Several of California's largest gaming tribes have paid hundreds of thousands of dollars to a little-known body to successfully speed up their land applications – a necessary step for casino expansion, Capitol Weekly has learned.

The California Fee to Trust Consortium was established under the federal Bureau of Indian Affairs Pacific Regional office in 2000 in order to expedite land claims, many of which have languished for years. The consortium arrangement allows tribes to pay into a fund that pays the salaries of the BIA employees who evaluate these claims.

Documents about the little-known governmental organization came to light following a series of Freedom of Information Act requests by a pair of community groups fighting a casino.

The documents, disclosed by the U.S. Department of the Interior, show that about 70 California tribes have paid in $5.5 million to the consortium over its life. In return, the consortium has placed 11,439 acres into trust. The tribes that pay into the fund have paid at least $3,000 per year for at least three years.

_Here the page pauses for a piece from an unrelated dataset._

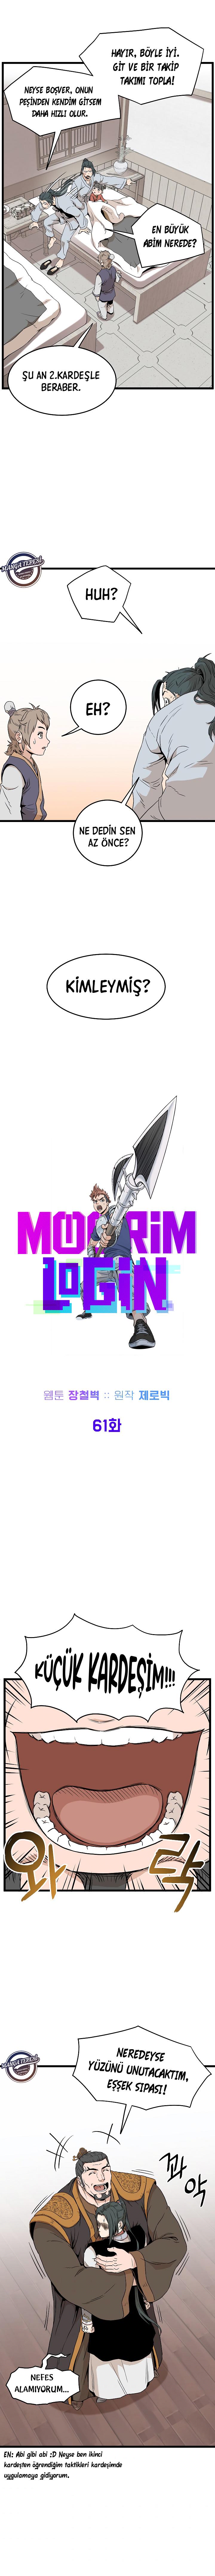 murim-login61-bolum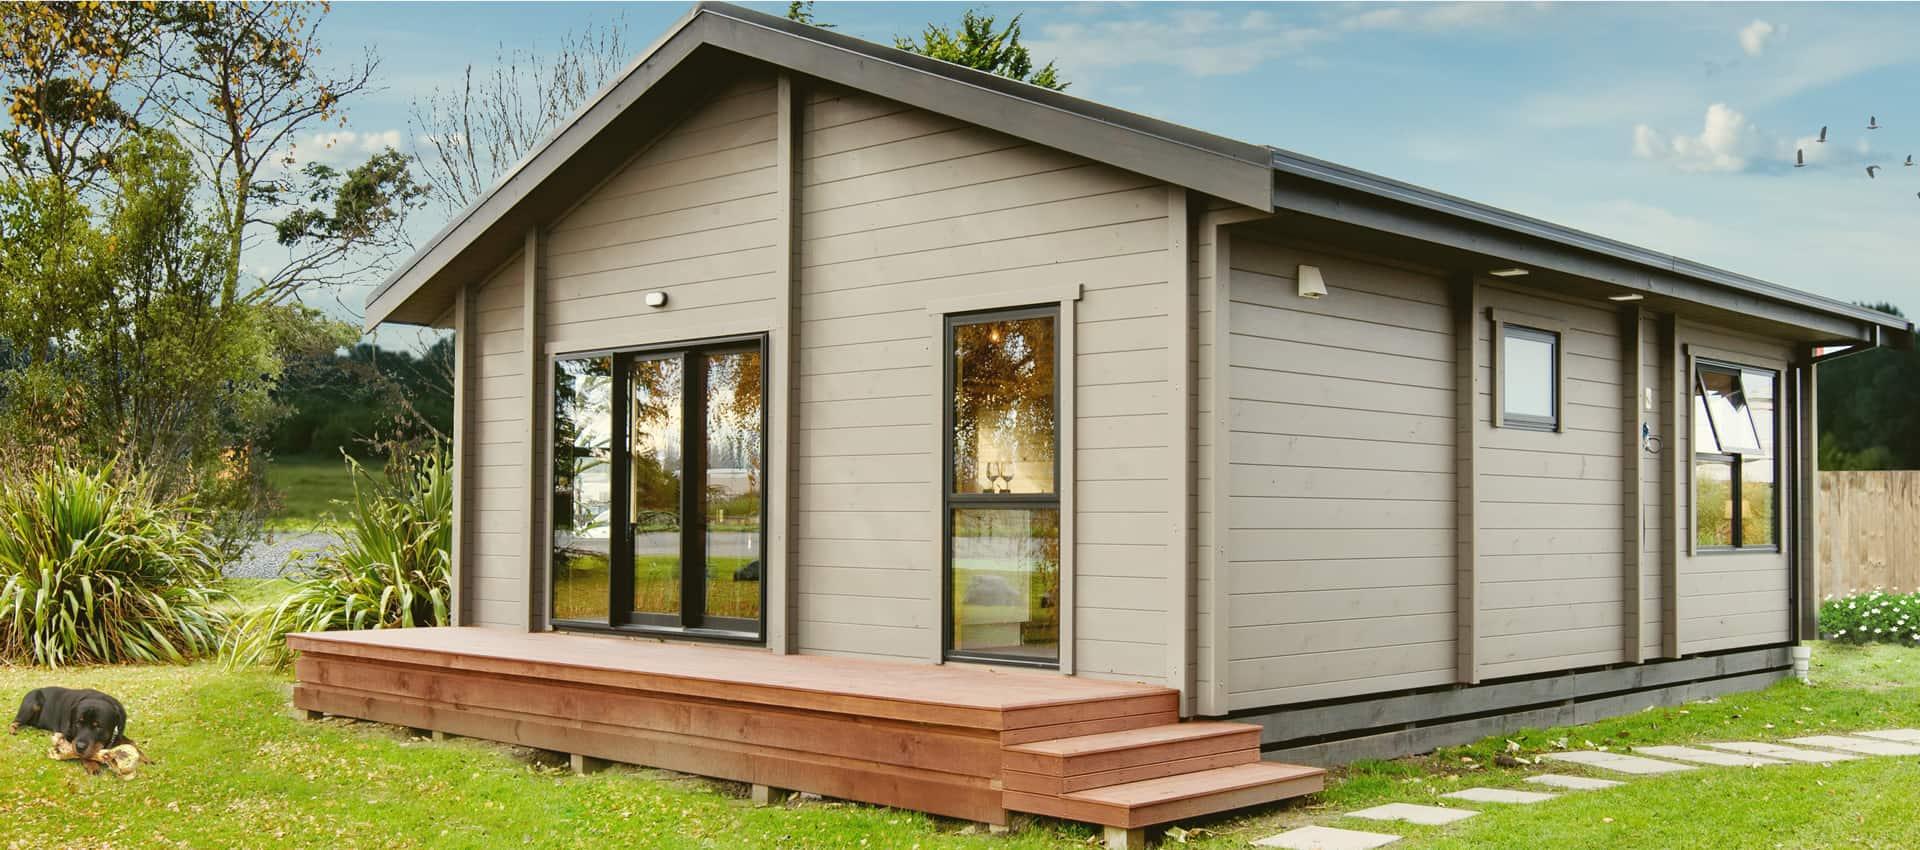 Christchurch Showhomes Granny Flat Tiny Home At Kainga

However, 15 tribes have paid 80 percent of the cost of the program – and been granted 51 percent of the land into trust. Eight of the 15 tribes that gave the most also rank in the top 15 in terms of land received into trust. The top five contributing tribes alone – the Santa Rosa Rancheria, the Sycuan Band of the Kumeyaay Nation, Santa Ynez Band of Chumash Indians, the San Manuel Band of Mission Indians and Morongo Band of Mission Indians – have paid more than half the cost of the program and received one-fifth of the land.

This group of 15 reads largely like a who's who of gaming in California. It includes three of the so-called "Big 4" tribes whose revised gaming compacts were approved by voters on Feb. 5 – Morongo, Sycuan and the Pechanga Band of Luiseño Indians – as well as the Pala Band of Mission Indians, one of the main funders of their campaign opposition. Overall, 13 of the top 15 contributing tribes currently operate casinos, while the other two have compacts but have yet to build gaming facilities.

Jerry Paresa, executive director of governmental affairs with the San Manuel tribe, said the tribe was approached in 1999 or 2000 about joining the consortium.

"We had had some fee-to-trust applications that were languishing with no movement at all for five, six, seven years," Paresa said. "With the budget cutbacks, there was nobody to work on these applications."

By the end of 2001, the San Manuel tribe had received 121 acres into trust. Paresa said the tribe has two other contiguous land-into-trust applications in process with the consortium, with a total acreage similar to what it has already received. However, he added that part of the reason the tribe continues to pay in $40,000 a year into the consortium is to help out smaller, poorer tribes whose land applications have also been on hold.

"For us, this is about services to all the tribes in California, not just San Manuel," Paresa said. "Fortunately, we're in a position where we can assist."

Others have a less rosy view of the consortium. Kathryn Bowen, a spokeswoman for the anti-casino group Preservation of Los Olivos, said it illustrates one of the major problems with the land-into-trust process: that local communities and governments are left out of the process.

"The reason fee to trust is a concern to local communities is land is getting taken out of the regulatory control of local governments," Bowen said. "When they take land out into trust, it comes out of local zoning and taxation."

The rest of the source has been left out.